§ TASK TO CARRY OUT
Please reproduce all of the data exactly as it appears, but skip the pictures.

§ DATA

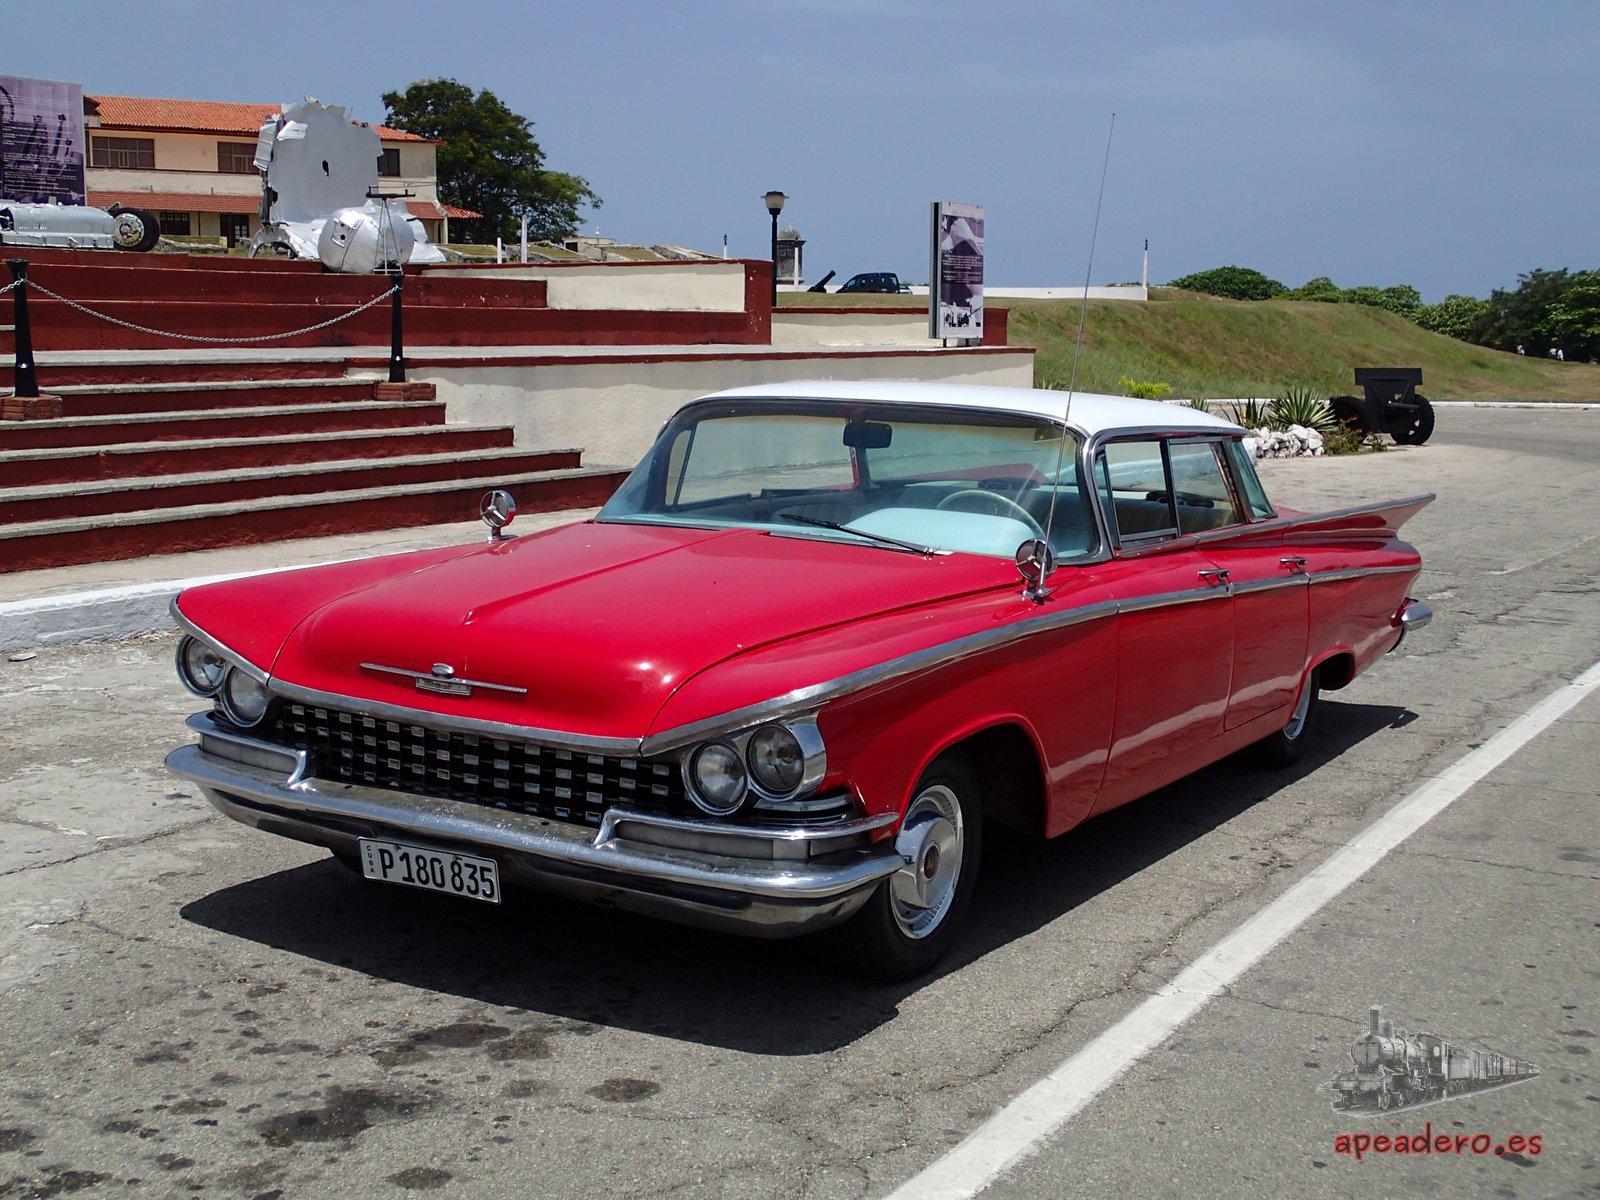 Y no solo es su ingenio, es su capacidad para conservarlo todo. Los coches de época que circulan por toda Cuba te sorprenderán y te entusiasmarán. Viajarás 50 años atrás.
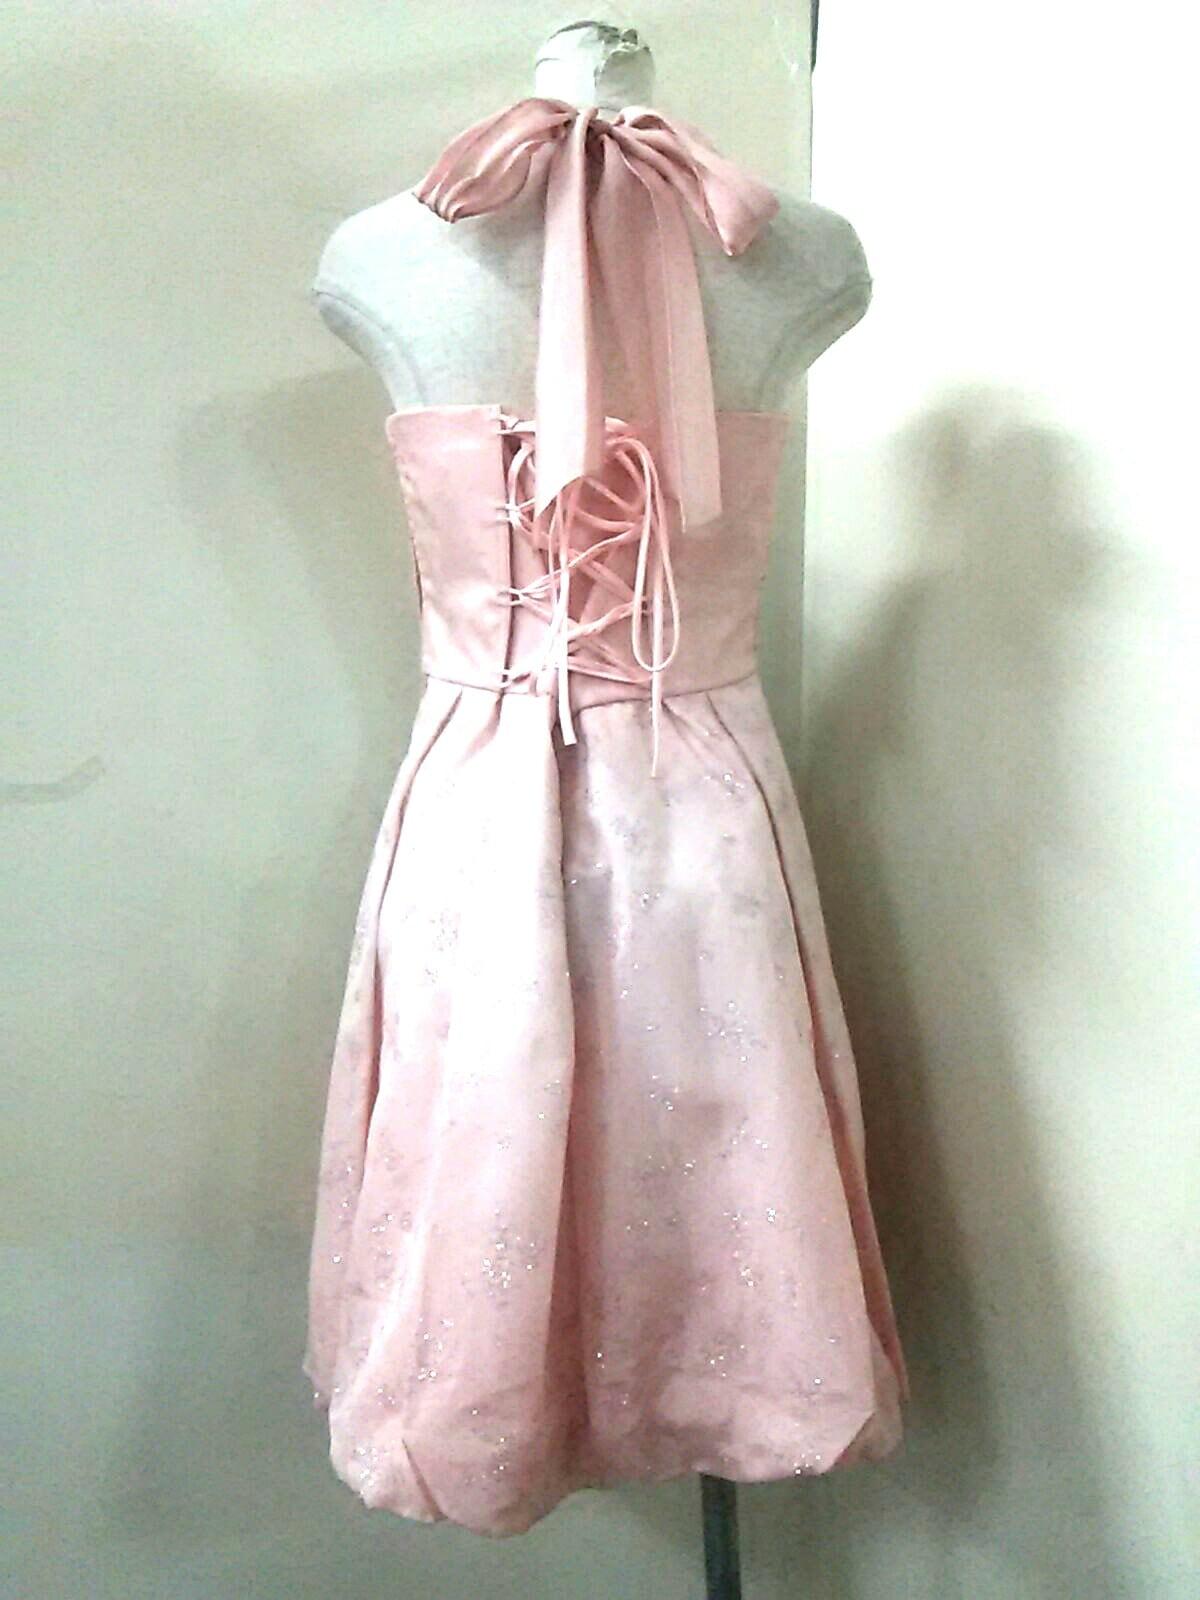 PREFERENCE(プリフェレンス)のドレス
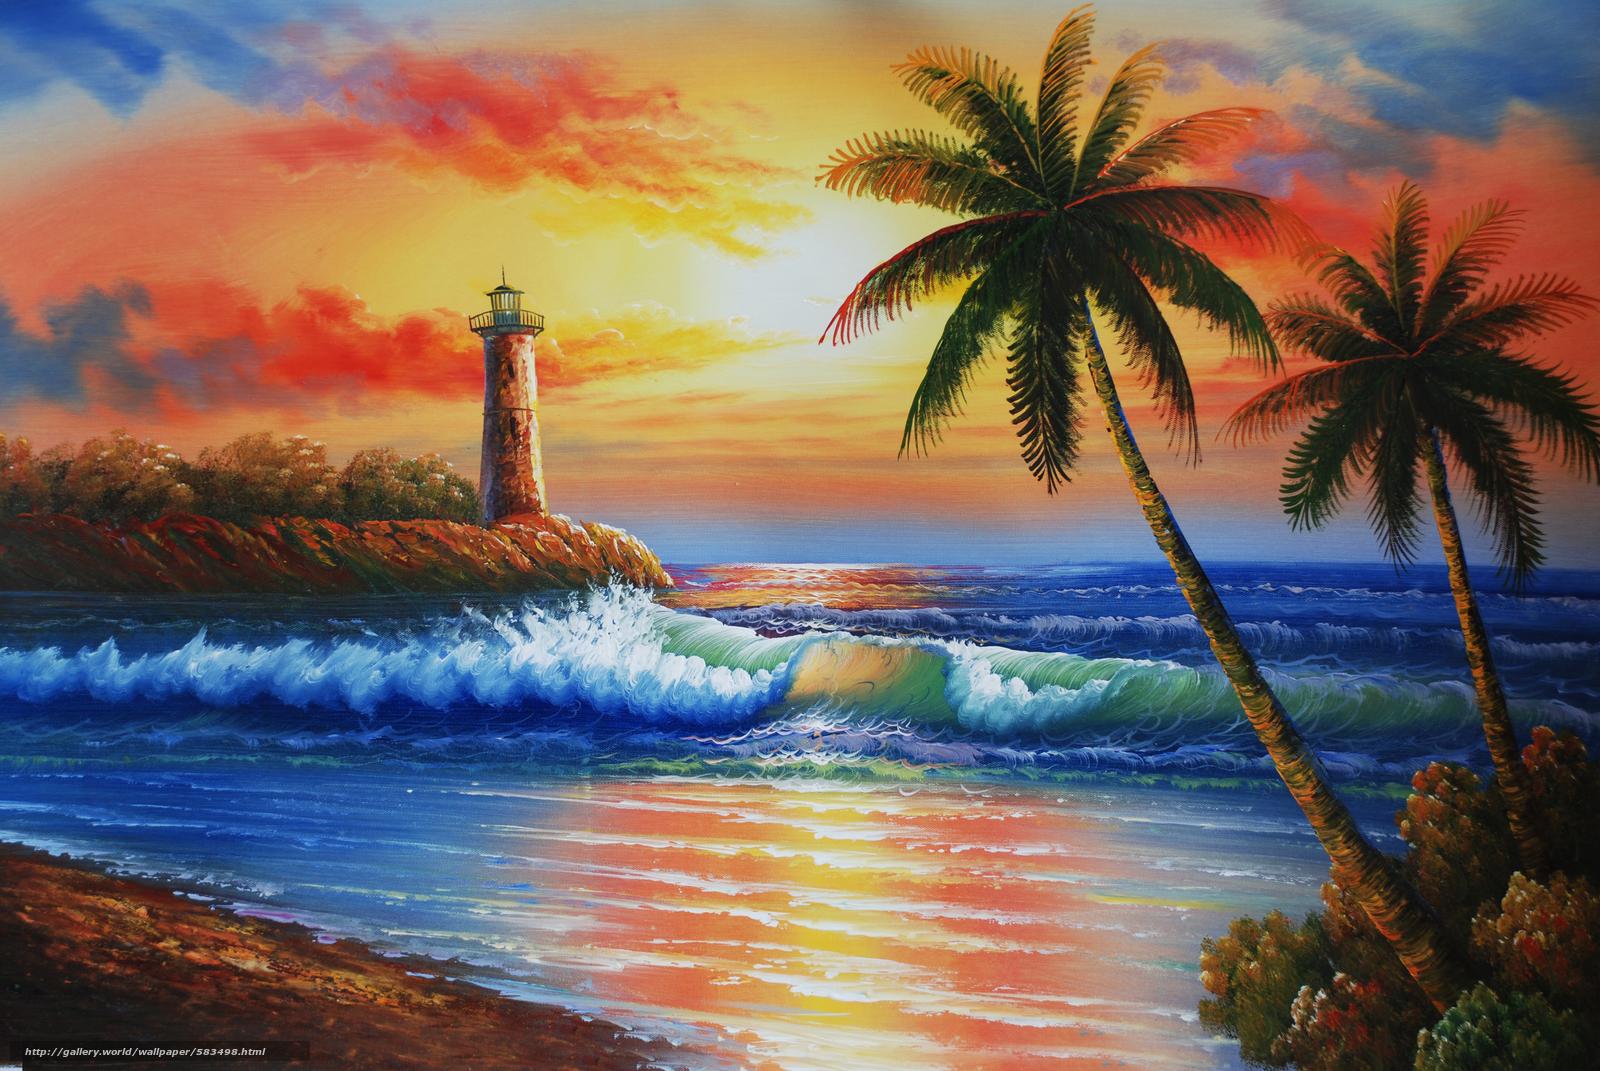 , Himmel, Malerei, Insel, Leuchtturm, Meer, Palms, Sonnenuntergang

§ TASK SOLUTION
 Y no solo es su ingenio, es su capacidad para conservarlo todo. Los coches de época que circulan por toda Cuba te sorprenderán y te entusiasmarán. Viajarás 50 años atrás.
 PREFERENCE(プリフェレンス)のドレス
 , Himmel, Malerei, Insel, Leuchtturm, Meer, Palms, Sonnenuntergang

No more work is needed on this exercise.